In the late 20th-century, multinationals had moved into office buildings around public spaces, and the adjacent hotels for business travellers were marketing those recreational zones. The welcome folder in my room included the message that jogging was possible next door in the park. One day, after returning from a meeting, I changed and trotted on out, only to discover that the circuit was very short, and that nobody else was on it. Instead, locals strolled or sat on benches. Others moved briskly along the paths, carrying briefcases, books, shopping bags.

Also green was the luminescent soaking fluid poured into the footbath at a mid-town beauty salon, which I visited during a lunch break in an effort to mesh with daily routine. The manicurist was wearing bright green open sandals. Features on her face, chest and toes seemed to be pushed into points. Her lips were also pursed into a cone. The apron she wore was absolute white, and her hair was bleached to match. She spoke to me in Polish, trying to determine the color of nail polish to be used. I wanted clear polish, but I had trouble convincing her on that point, and finally, after giving me a slow once-over, she made a final offer: "Blue-ski?"

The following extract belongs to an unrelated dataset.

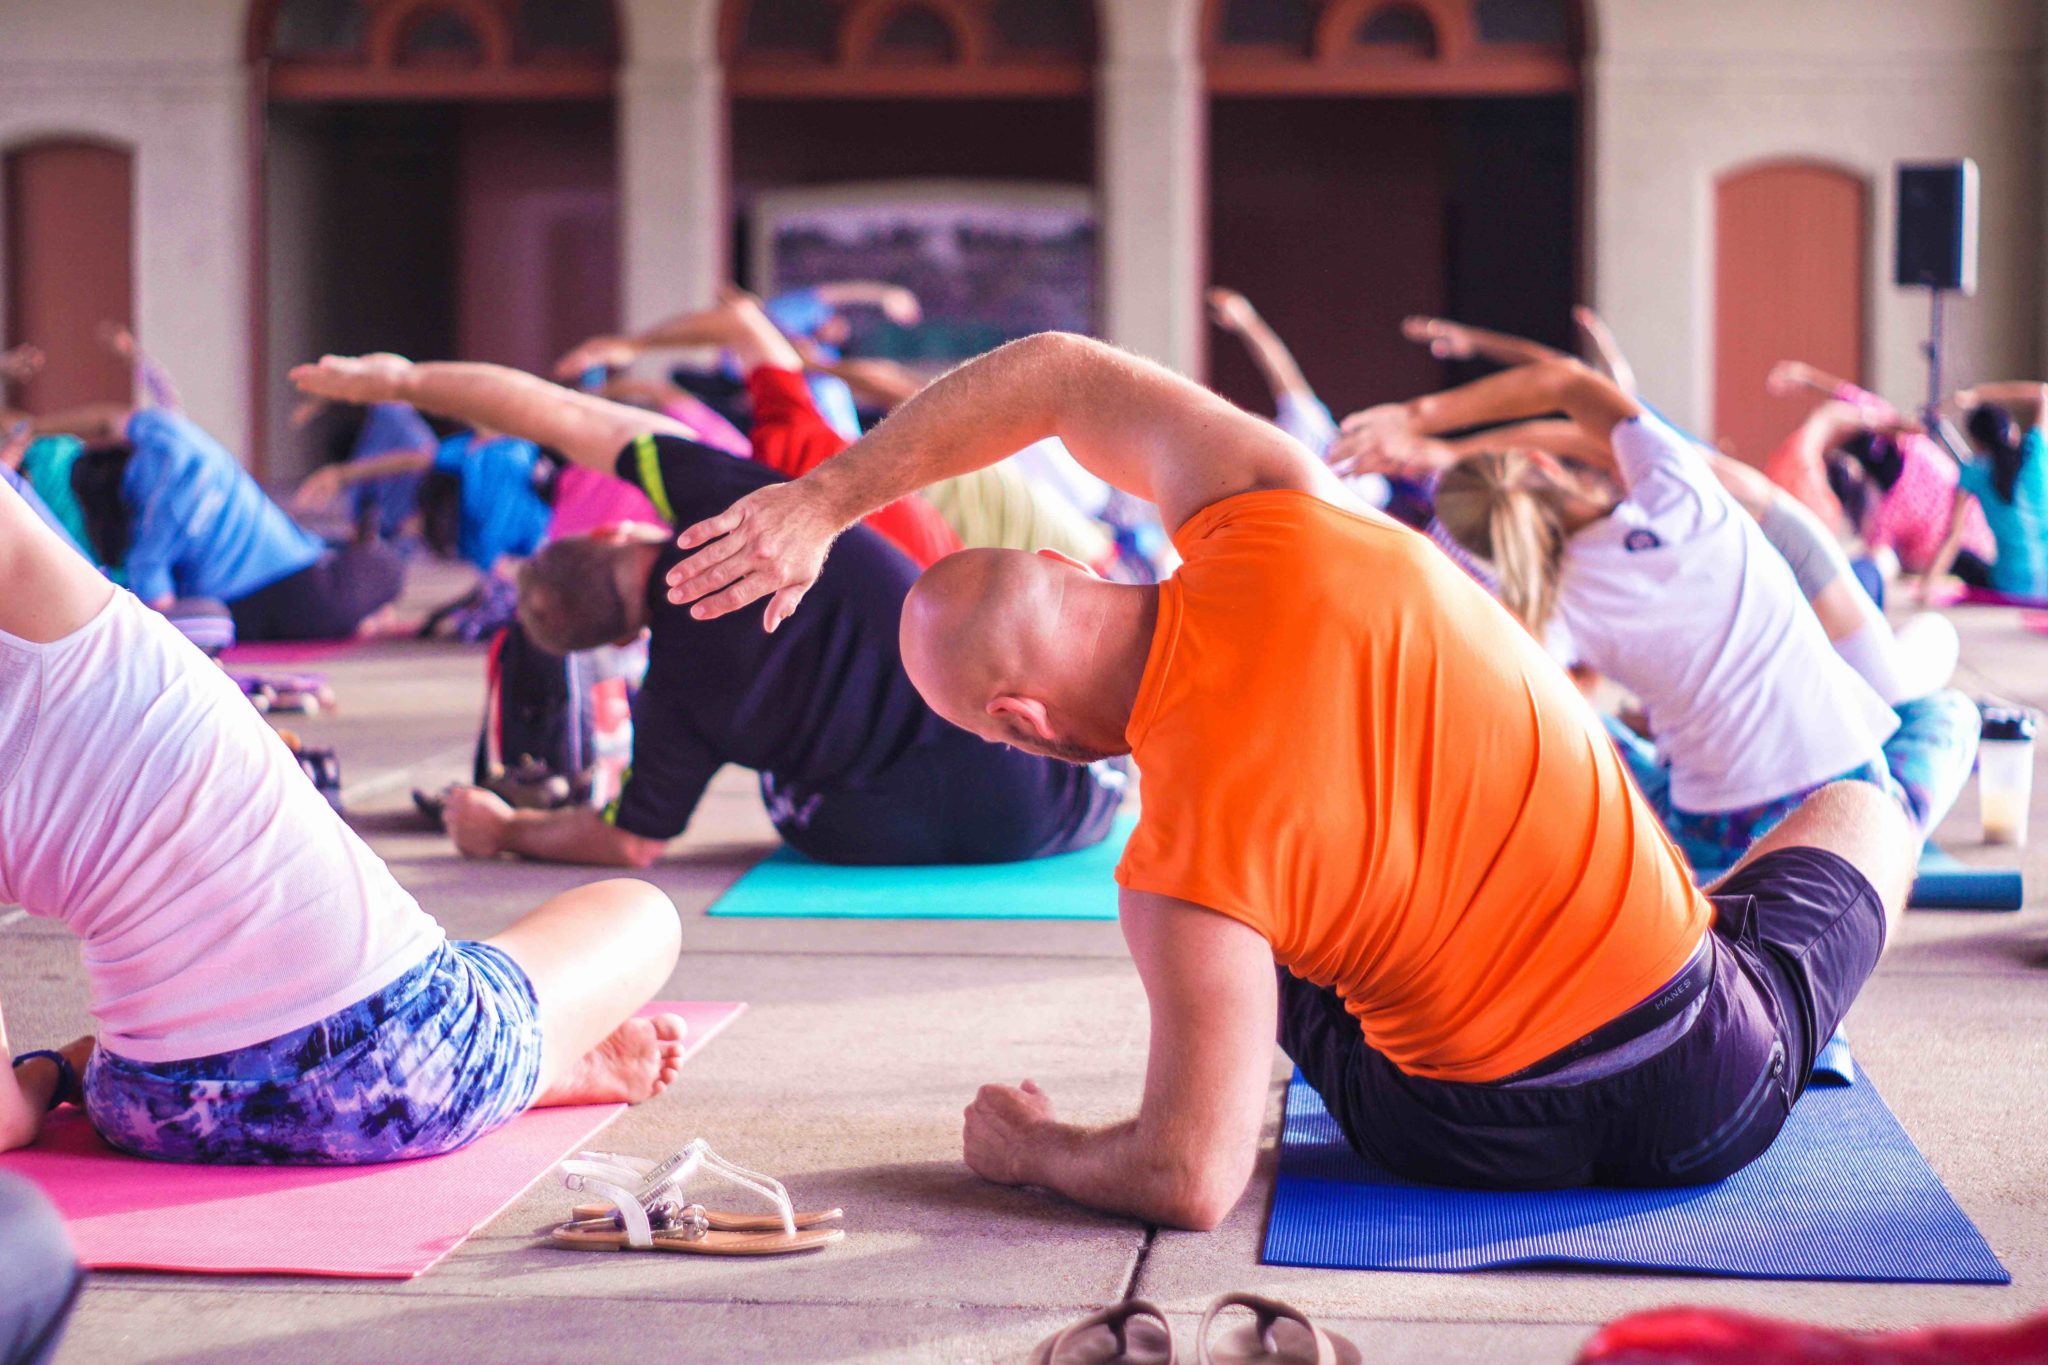 rows of people in bright clothing stretching on yoga mats

I remembered my friend, the manicurist, while strolling through Warsaw Airport on the day of departure. Turning back for a final look at a gleaming shop, I saw vacuum-packed sausage being sold by women in uniform. Their platinum hair glistened; their long nails were flawless and blue.

Tuesday, June 5, 2007

So Far This Much is Known - Not Allowed to Show You Pt.2

I had written to the bank requesting a translation, should they have it, of an Arabic text on a plastic file given to their clients. In response, the bank sent me another product for clients: a paper file (which tucks inside the plastic one) with relevant design background information on its inside cover. Eight examples of bookkeeping techniques throughout the ages are depicted, including the 11th-century Egyptian customs book with the Arabic text. Five or six lines of introductory text accompany each image. I thanked the Communications Department for the reply and repeated, very gently, my interest in viewing an actual translation.

The response from the bank was that the translation had already been sent to me. In the bank's view, the summary is the translation. I don't expect to hear from them again and may never learn about the full content of the writing on the plastic file. At this stage I am proceeding on the assumption that the bank does not have a translation of either the Arabic text or the Hieroglyphics on another image I inquired about: the hat-shaped papyrus scrap, which, as it turns out, is not papyrus at all, but an unglazed pottery shard known as an ostracon, from the Greek 'ostrakon' meaning a shell or earthenware fragment used as a voting ballot, among other things.

According to the bank's blurb, the Egyptians used these shards for taking notes. The terra cotta roof-tile fragments which are smashed onto the streets of Amsterdam by heavy wind storms in the winter are sometimes quite beautiful, but I'm pleased that I do not have to carry them around as my notepad. In the old days, papyrus cost money, whereas an ostracon could be picked up off the streets anytime you wanted to jot something down. The actual hieroglyphics in the bank design seem to constitute a note declaring Taurine's intent to repay his debt to Papnoute. That's all I know.